The group of pastors behind the national campaign want their freedom of speech back.
[Rev. Ron ] Johnson also said abortion is the key issue
in the campaign for Christian voters and highlighted the division
between Obama and McCain.
“If a candidate supports something that is evil and wicked from a
biblical perspective,” Johnson said, “then I have the right to call out
the wickedness, and I have the right to say this is what this person
stands for — this is wrong.”
Liberal watchdog groups listen to sermons from the pulpit - and
programming on talk radio on the non-profits, for that matter - to
pounce on anything they can claim as biased toward a particular
candidate (always the ones who stand for conservative social values and
religiously informed voices).
This campaign chose to face that threat squarely.
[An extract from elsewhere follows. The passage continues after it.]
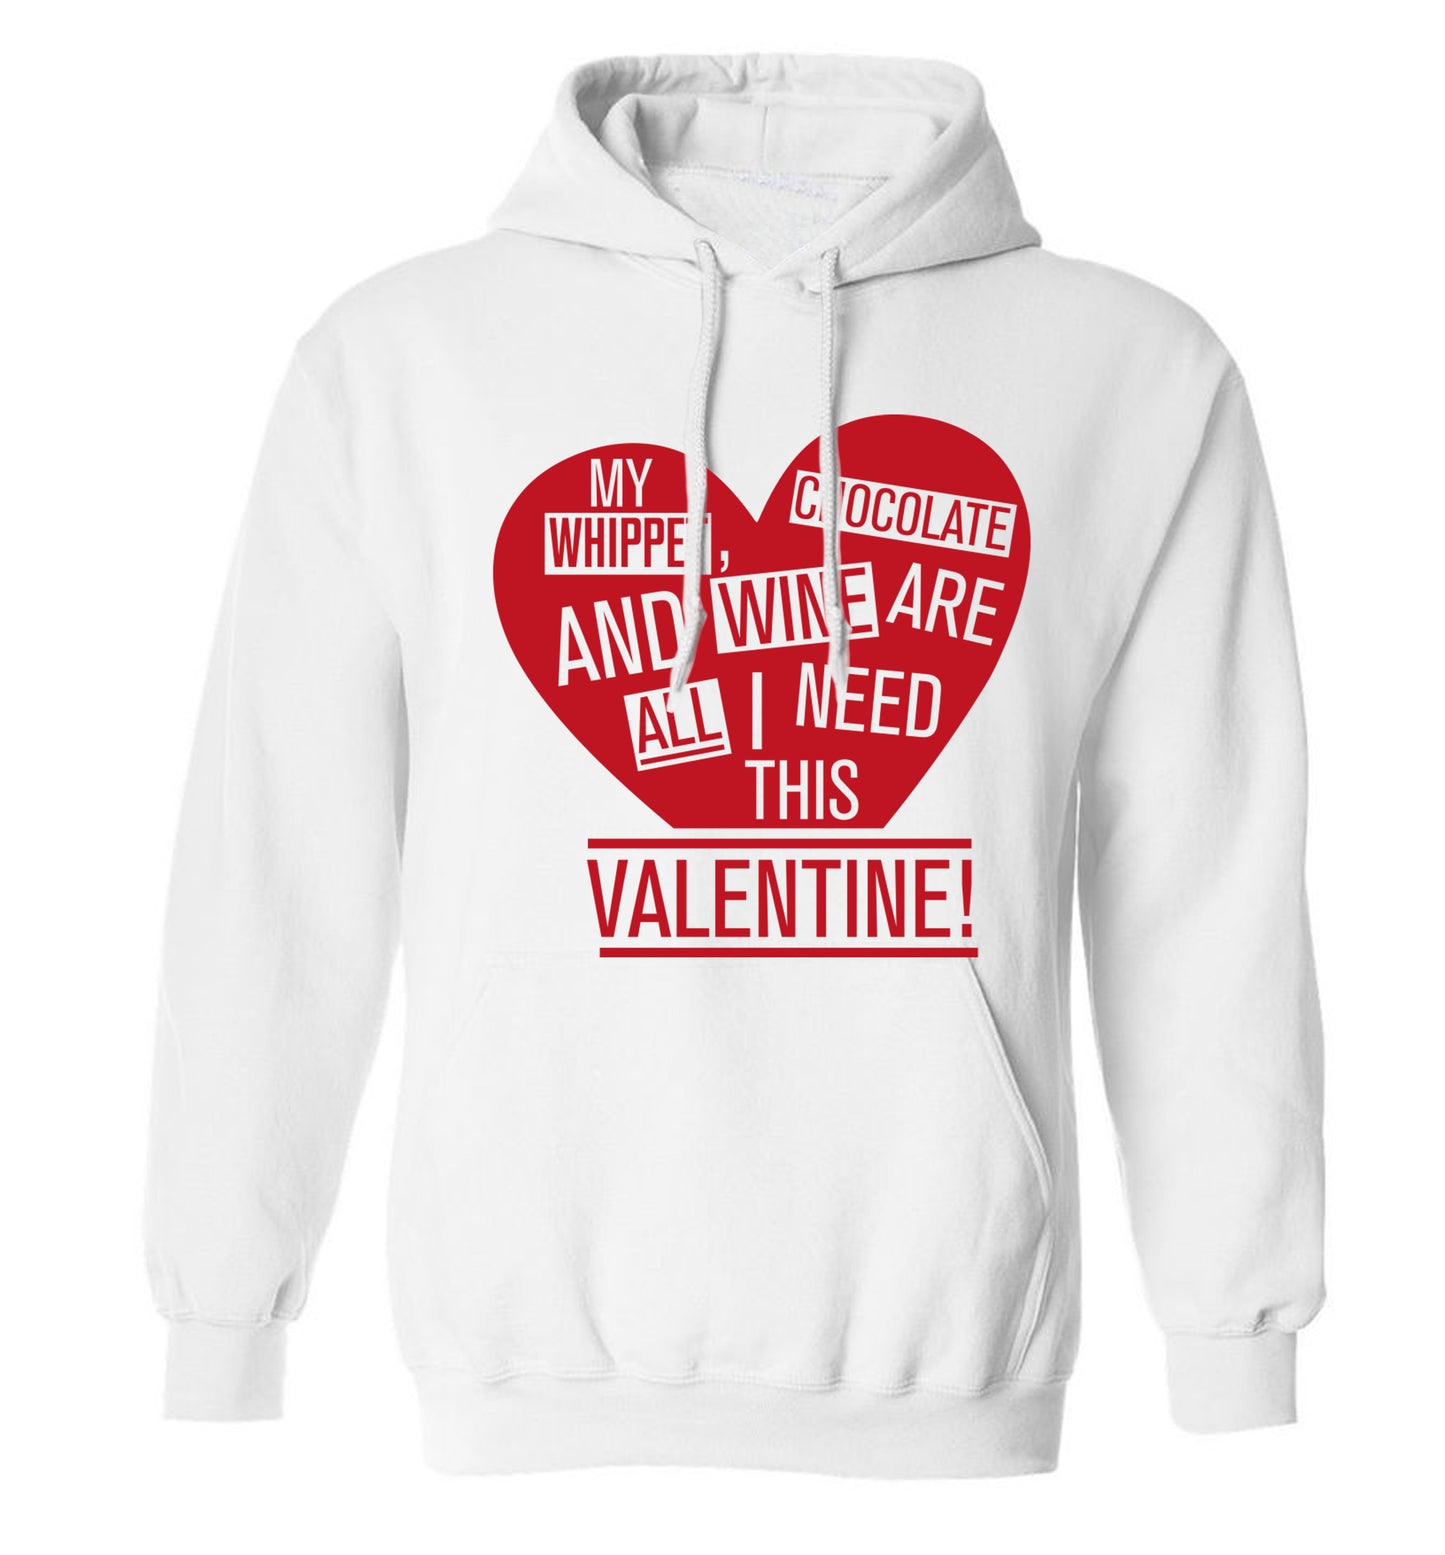 My whippet, chocolate and wine are all I need this valentine! adults unisex white hoodie 2XL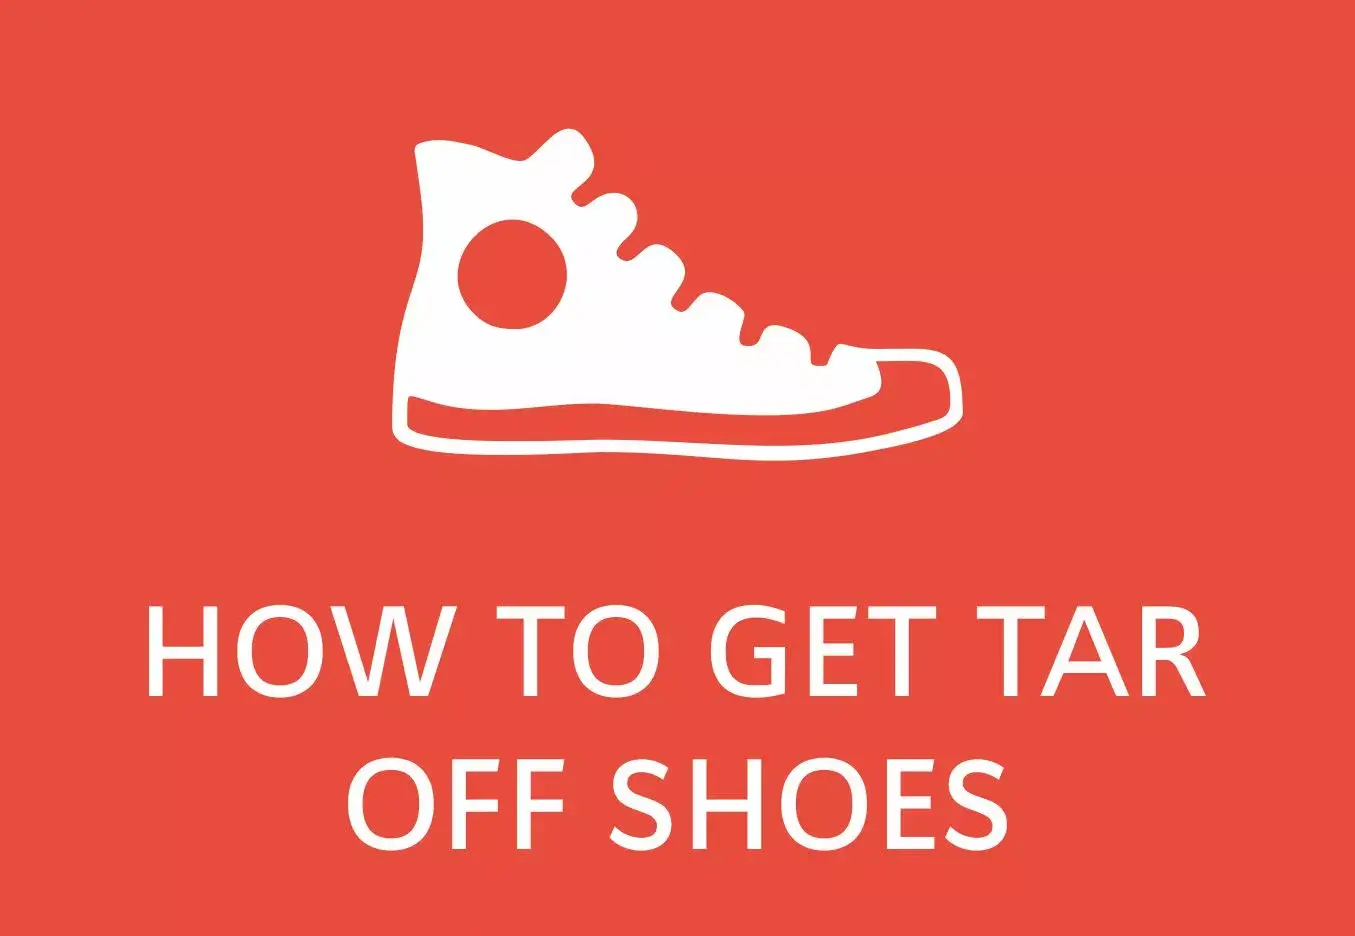 How to get tar off shoes

The effort is intended to elicit an investigation by the
Internal Revenue Service that ADF would then challenge in federal
court, with the ultimate goal of persuading the Supreme Court to
overthrow the 54-year-old ban called the Johnson Amendment that
restricts tax-exempt non-profits, such as churches, from engaging in
political campaigns.
Morally informed church leaders should be in the public square, much
less the pulpit, engaging the issues of the day free from the ‘thought
and speech police’ and a bogus rendering of the Constitution.
After all, it doesn’t require the separation of sense and state. Though that’s often not so clear.